Regulation Number and Section

§ 880.5130 Infant radiant warmer.

(a)
Identification. The infant radiant warmer is a device consisting of an infrared heating element intended to be placed over an infant to maintain the infant's body temperature by means of radiant heat. The device may also contain a temperature monitoring sensor, a heat output control mechanism, and an alarm system (infant temperature, manual mode if present, and failure alarms) to alert operators of a temperature condition over or under the set temperature, manual mode time limits, and device component failure, respectively. The device may be placed over a pediatric hospital bed or it may be built into the bed as a complete unit.(b)

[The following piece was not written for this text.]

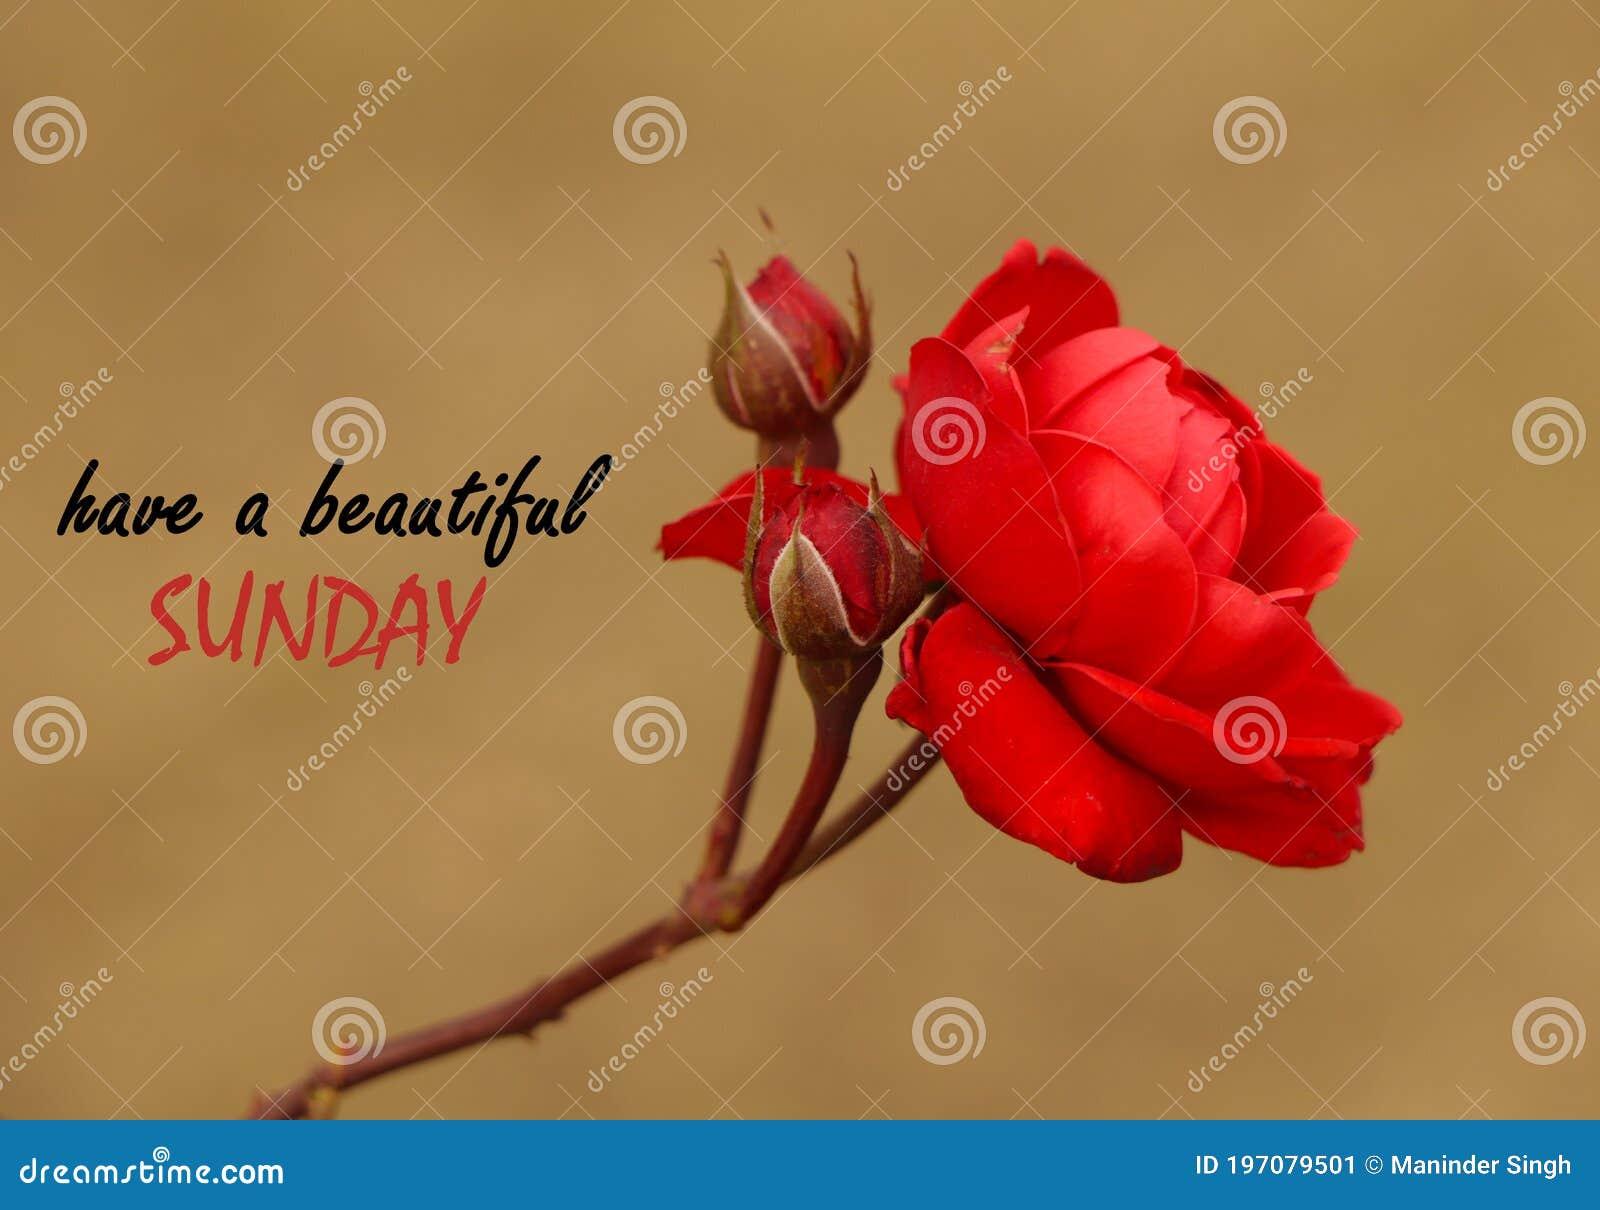 20,20 Beautiful Sunday Photos   Free & Royalty Free Stock Photos ...

Classification. Class II (Special Controls):(1) The Association for the Advancement of Medical Instrumentation (AAMI) Voluntary Standard for the Infant Radiant Warmer;
(2) A prescription statement in accordance with § 801.109 of this chapter (restricted to use by or upon the order of qualified practitioners as determined by the States); and
(3) Labeling for use only in health care facilities and only by persons with specific training and experience in the use of the device.